Why are we discussing these technical details? Because this is where iGPU support is badly broken. Before kernel 6.10, ROCm allocated only in reserved VRAM. After kernel 6.10, it allocates only in GTT. So far so good. GTT is better than reserved VRAM, because we no longer have to fiddle with BIOS settings. The catch is that Ollama determines whether suitable GPU is present by looking at the size of reserved VRAM. If you have the default 512MB VRAM configured in BIOS, Ollama will refuse to use the iGPU. If you increase VRAM carve-out in BIOS, Ollama will use the iGPU, but all memory allocations will go to GTT and the reserved VRAM will sit idle, which is of course extremely wasteful.
To fix this mess, you have to use the unmerged pull request for AMD iGPUs. Let's start by building the pull request from scratch. To prevent issues with stale build cache, the script below aggressively prunes all caches.

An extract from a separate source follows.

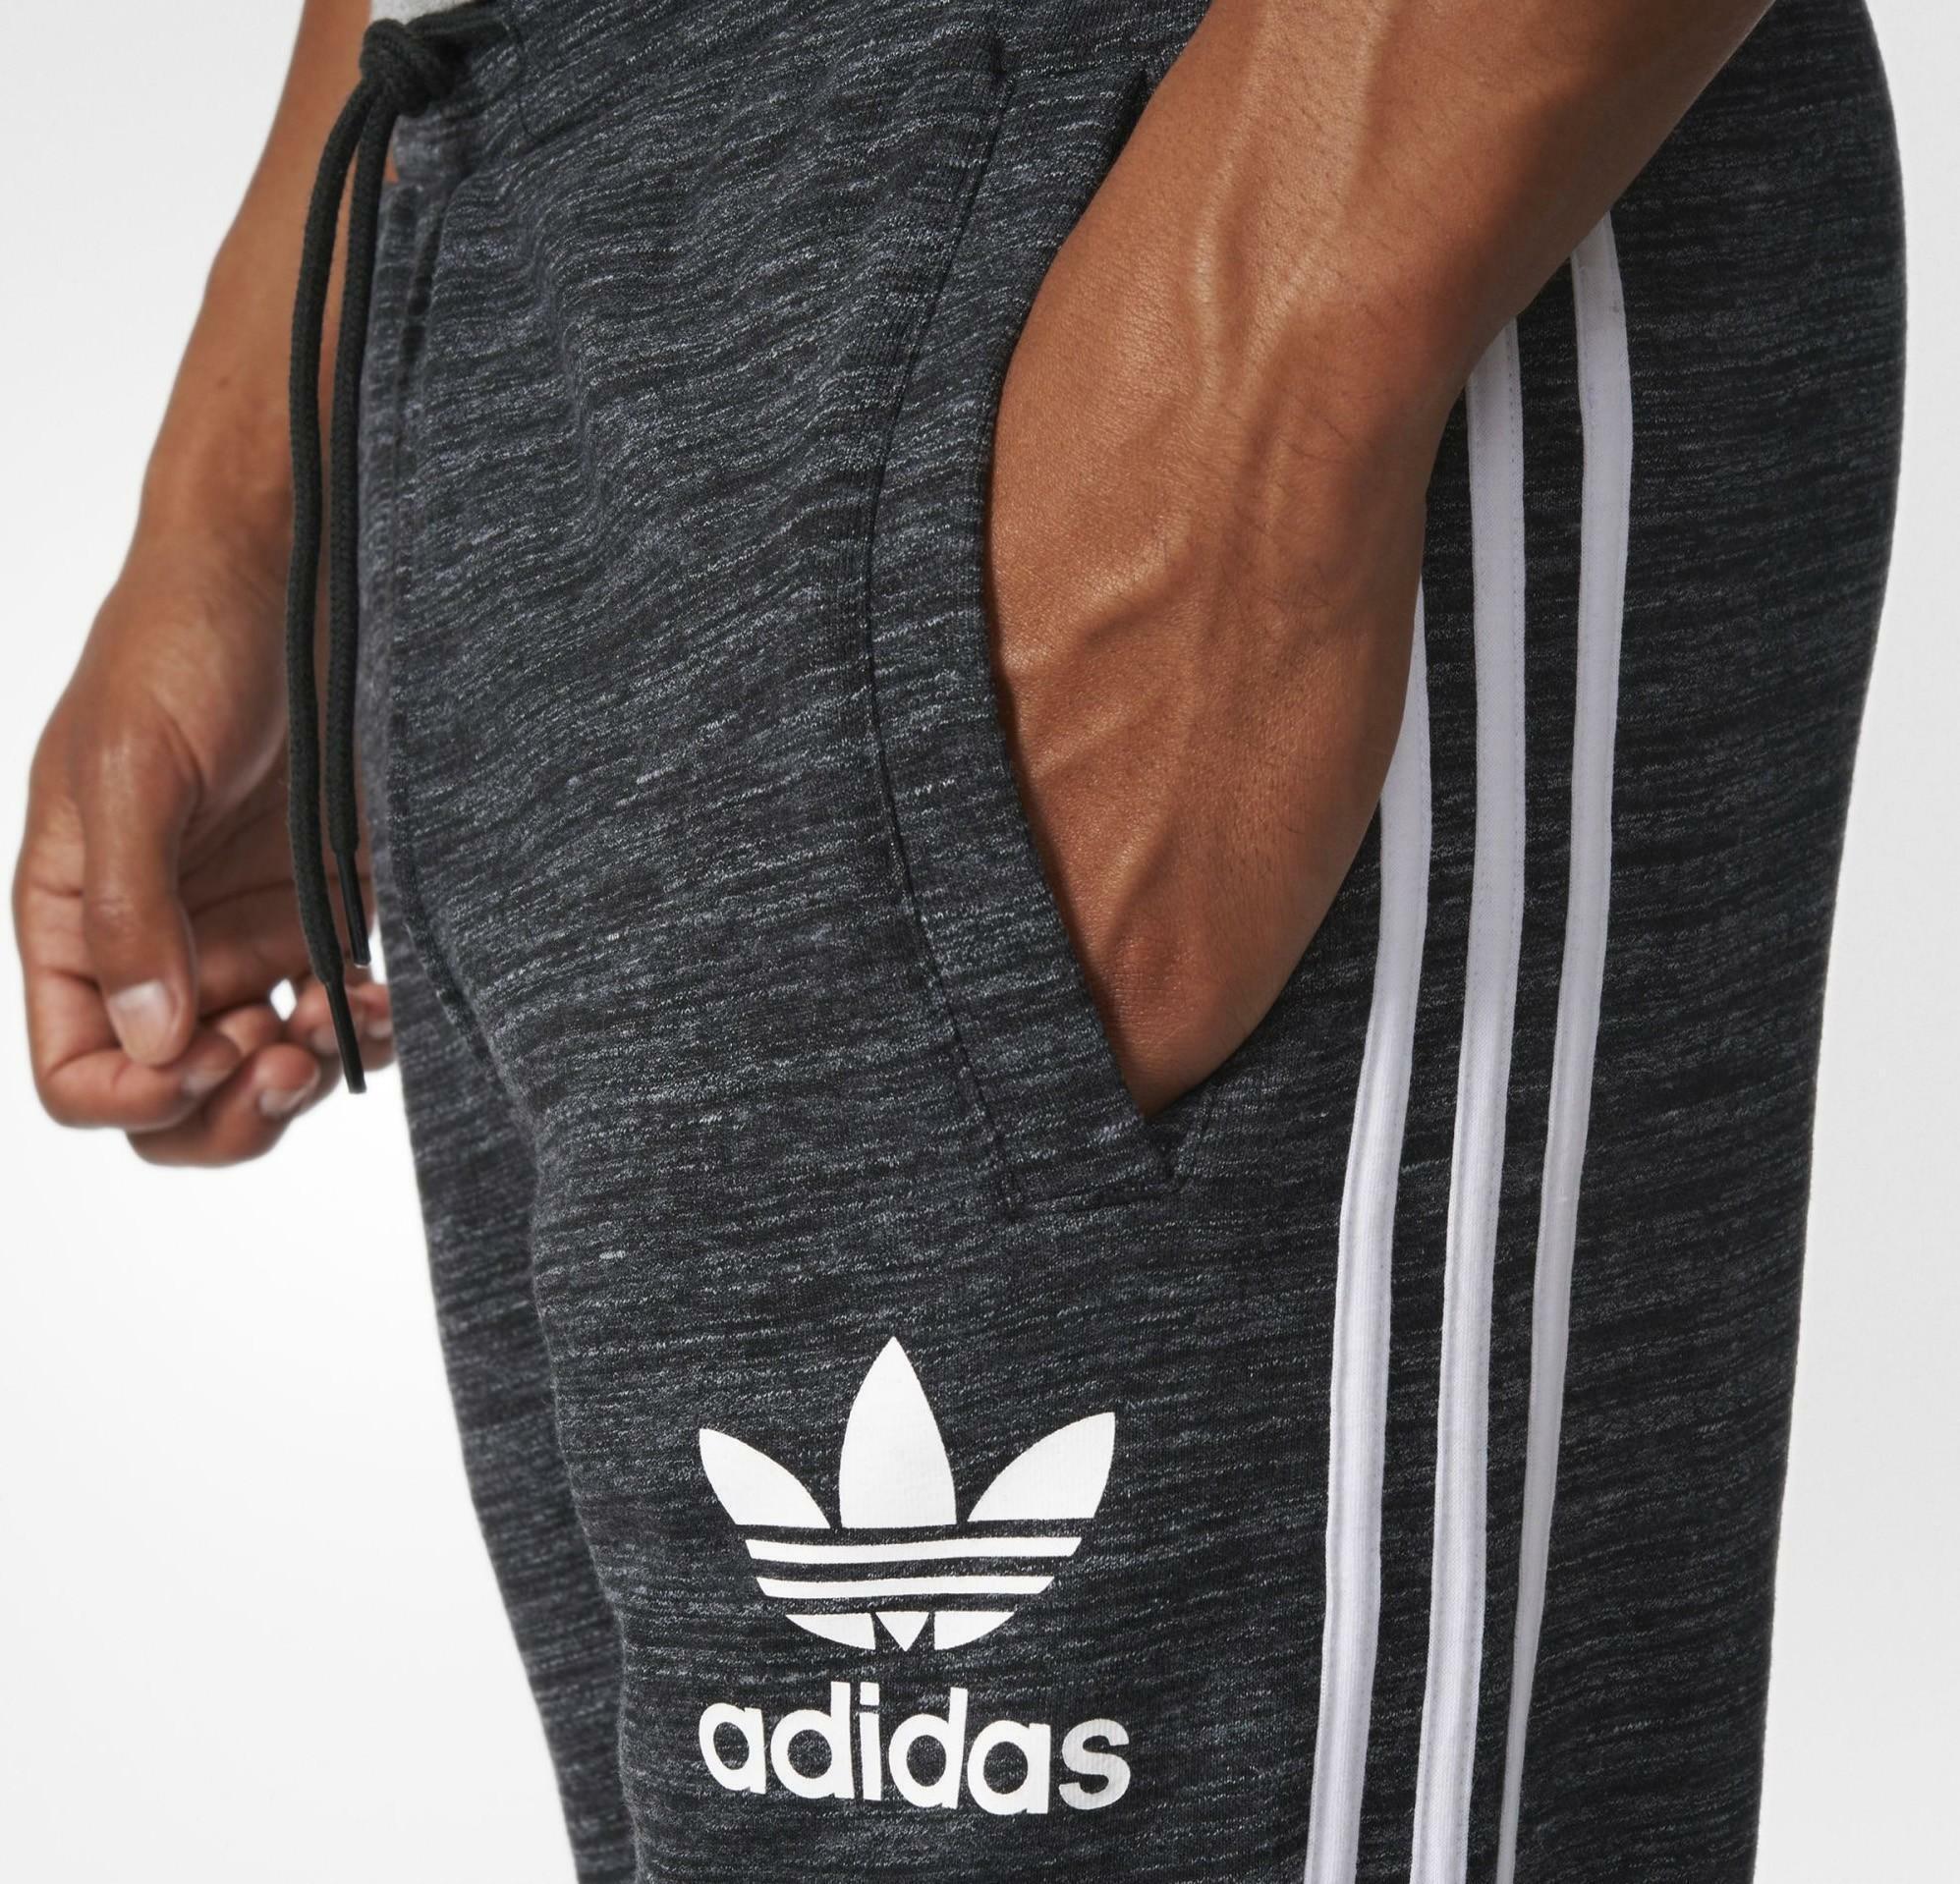 adidas originals clfn pantaloni tuta uomo grigi

cd ~ mkdir ollama-gtt cd ollama-gtt git clone \ -b AMD_APU_GTT_memory \ --recurse-submodules \ https://github.com/Maciej-Mogilany/ollama.git \ . podman image prune -f rm -rf /var/tmp/buildah-cache-1000 podman build \ -f Dockerfile \ --no-cache \ --platform=linux/amd64 \ --target runtime-rocm \ --build-arg=OLLAMA_SKIP_CUDA_GENERATE=1 \ -t ollama-gtt
This will create local ollama-gtt
container image, which we can now use to launch iGPU-compatible version of Ollama.
Podman command is almost identical to the one above for dGPUs. We need to make only two changes:
- Replace public
ollama:rocm
image with our newly builtollama-gtt
image. - Set
HSA_OVERRIDE_GFX_VERSION
, because ROCm has absolutely zero support for iGPUs. Value9.0.0
works well for Ryzen 5600G. You will likely have to adjust it for your iGPU.

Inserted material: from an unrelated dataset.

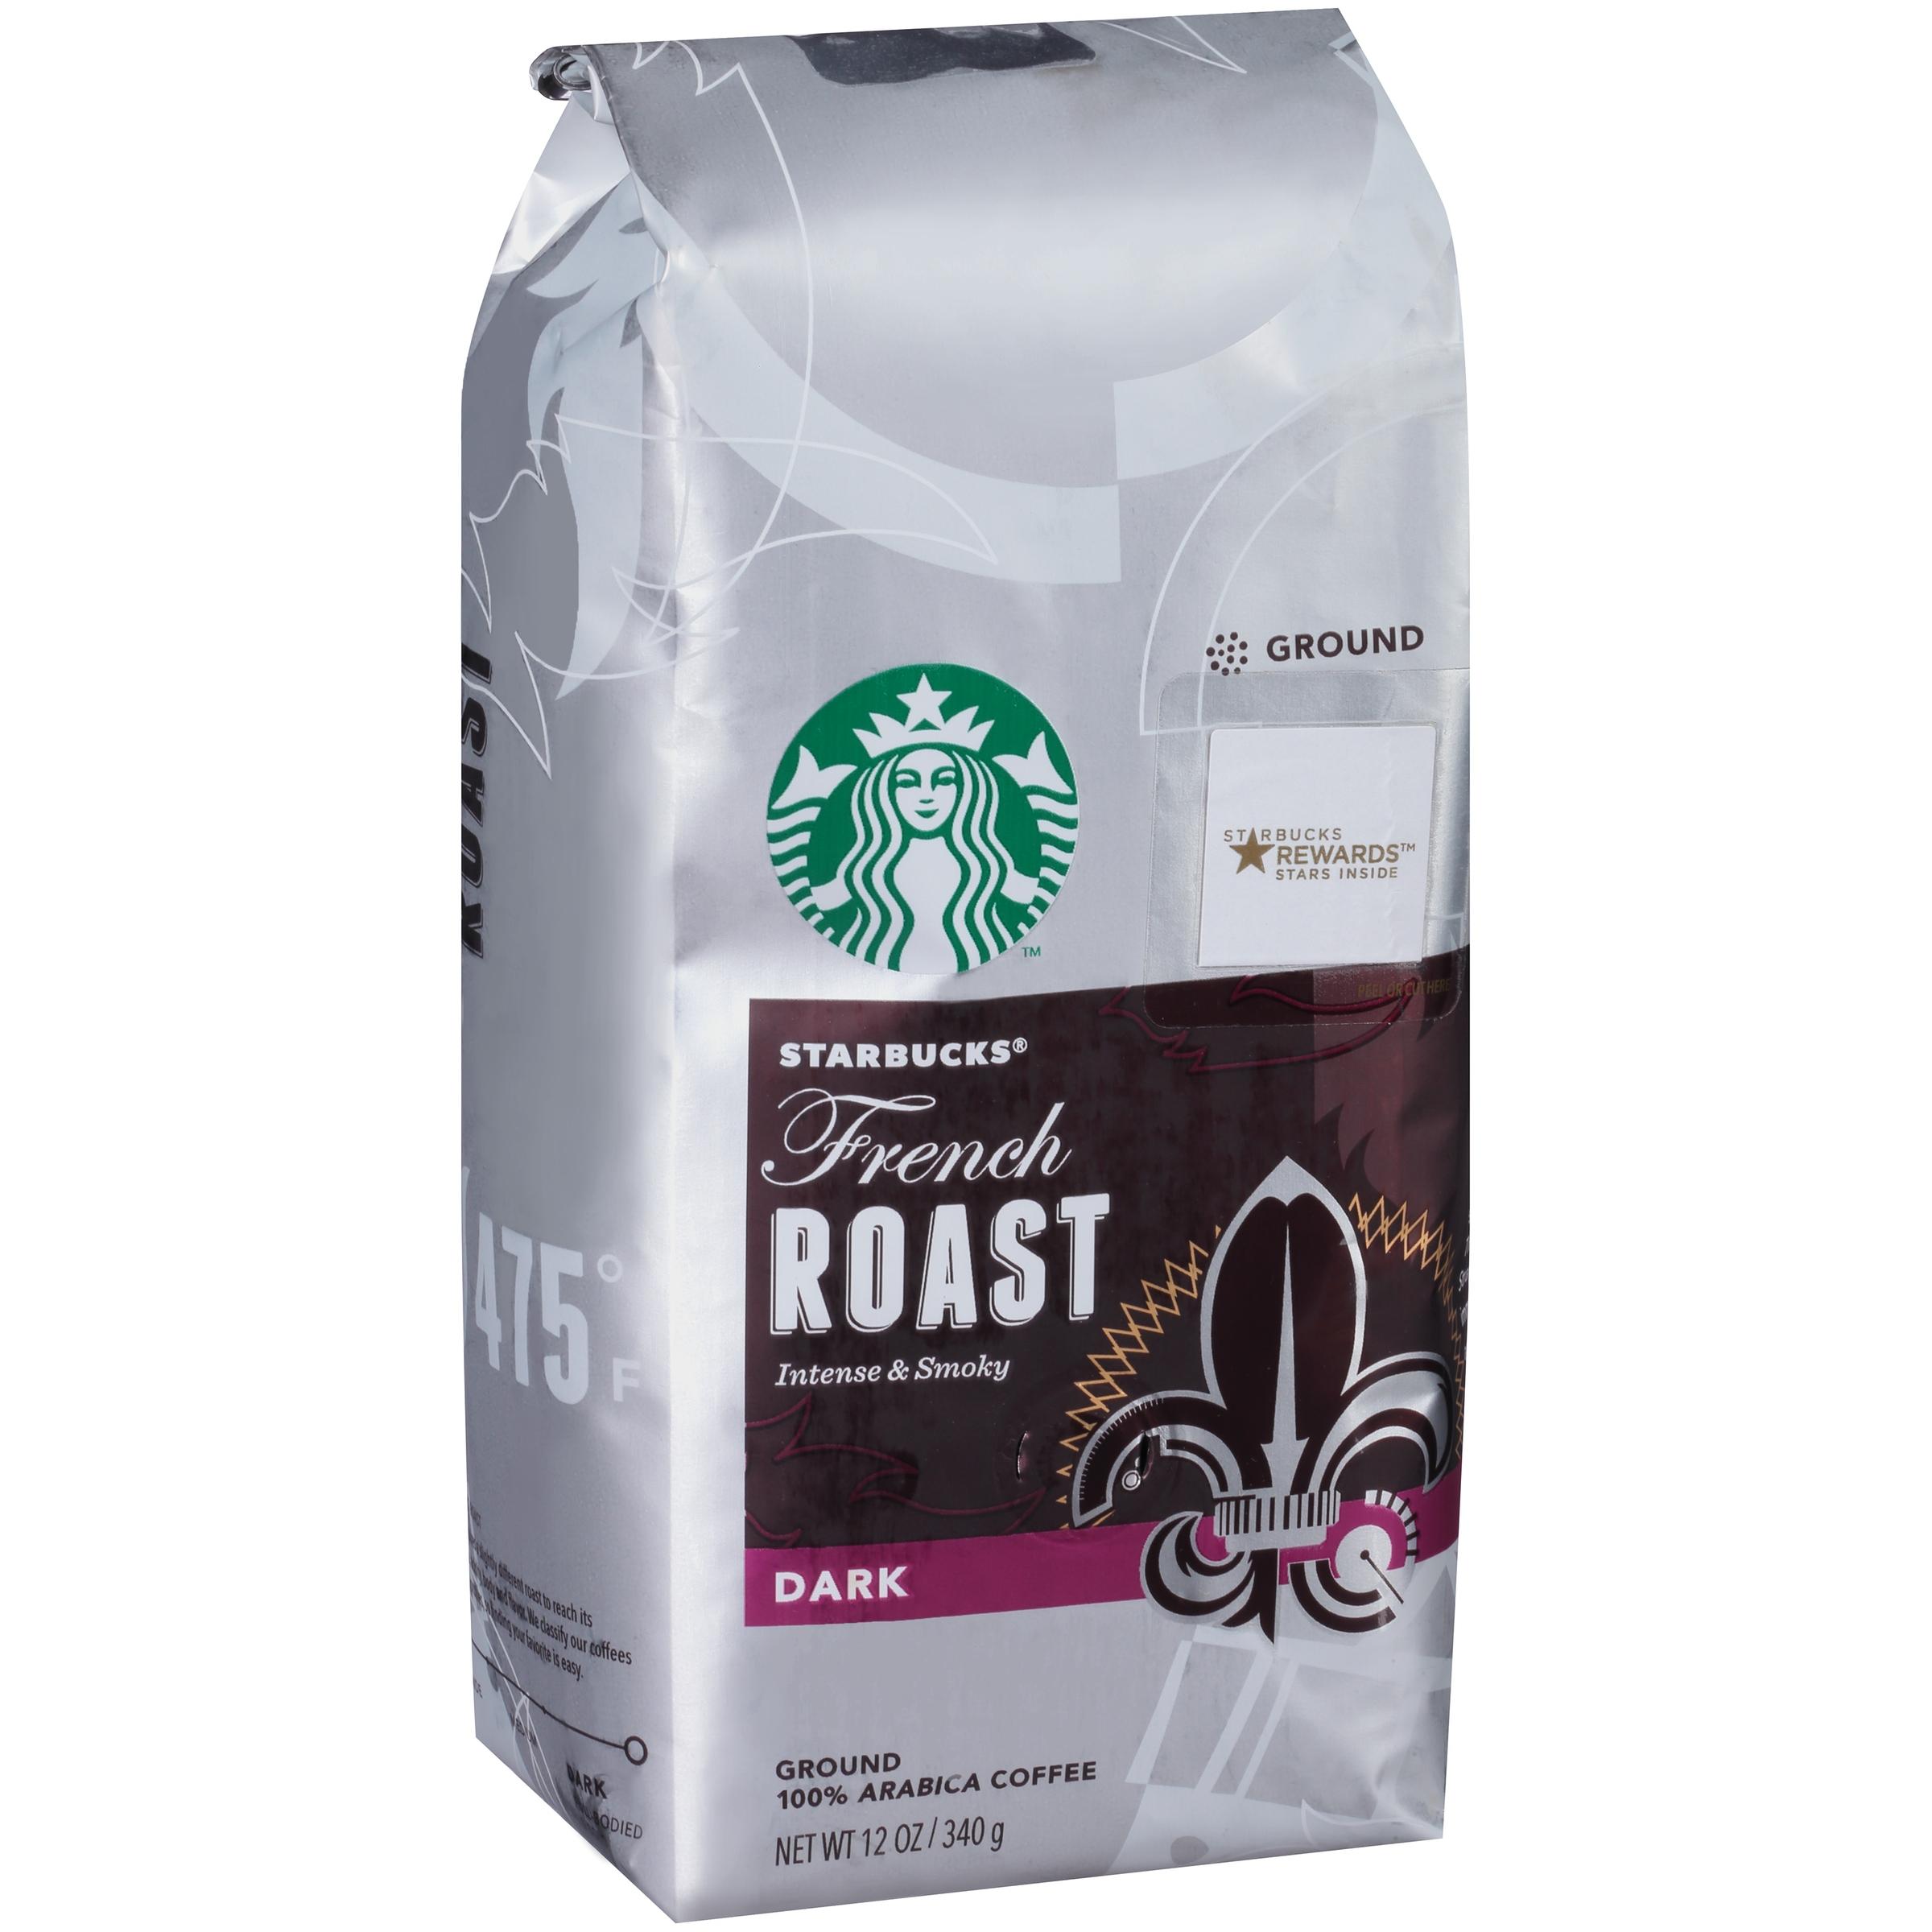 Starbucks French Roast Dark Ground Coffee 12 Oz Stand Up Bag

podman run -d \ --name ollama \ --replace \ --pull=always \ --restart=always \ --stop-signal=SIGKILL \ -p 127.0.0.1:11434:11434 \ -v ollama:/root/.ollama \ -e OLLAMA_MAX_LOADED_MODELS=1 \ -e OLLAMA_NUM_PARALLEL=1 \ --device /dev/dri \ --device /dev/kfd \ -e HSA_OVERRIDE_GFX_VERSION=9.0.0 \ ollama-gtt
If you do all this and Ollama does not error out, crash, or hang, you should see models running on the iGPU.
You can use radeontop
tool to see GPU memory and compute usage.
Performance
Unfortunately, Ryzen 5600G's iGPU performs worse than CPU. It wasn't always so. Before kernel 6.10, with reserved VRAM in BIOS, iGPU was significantly faster than the CPU. Others with newer hardware seem to have more luck and get better performance than with CPU alone. Note that the performance boost is concentrated in context processing. Generation speed is still limited by memory bandwidth just like on the CPU. Ollama still uses some CPU time even if the whole model runs on iGPU, but CPU load should be negligible.
Beware that people reported desktop environment crashes when running models on AMD iGPUs. You will have to test it on your hardware with your preferred models to be sure. Good luck.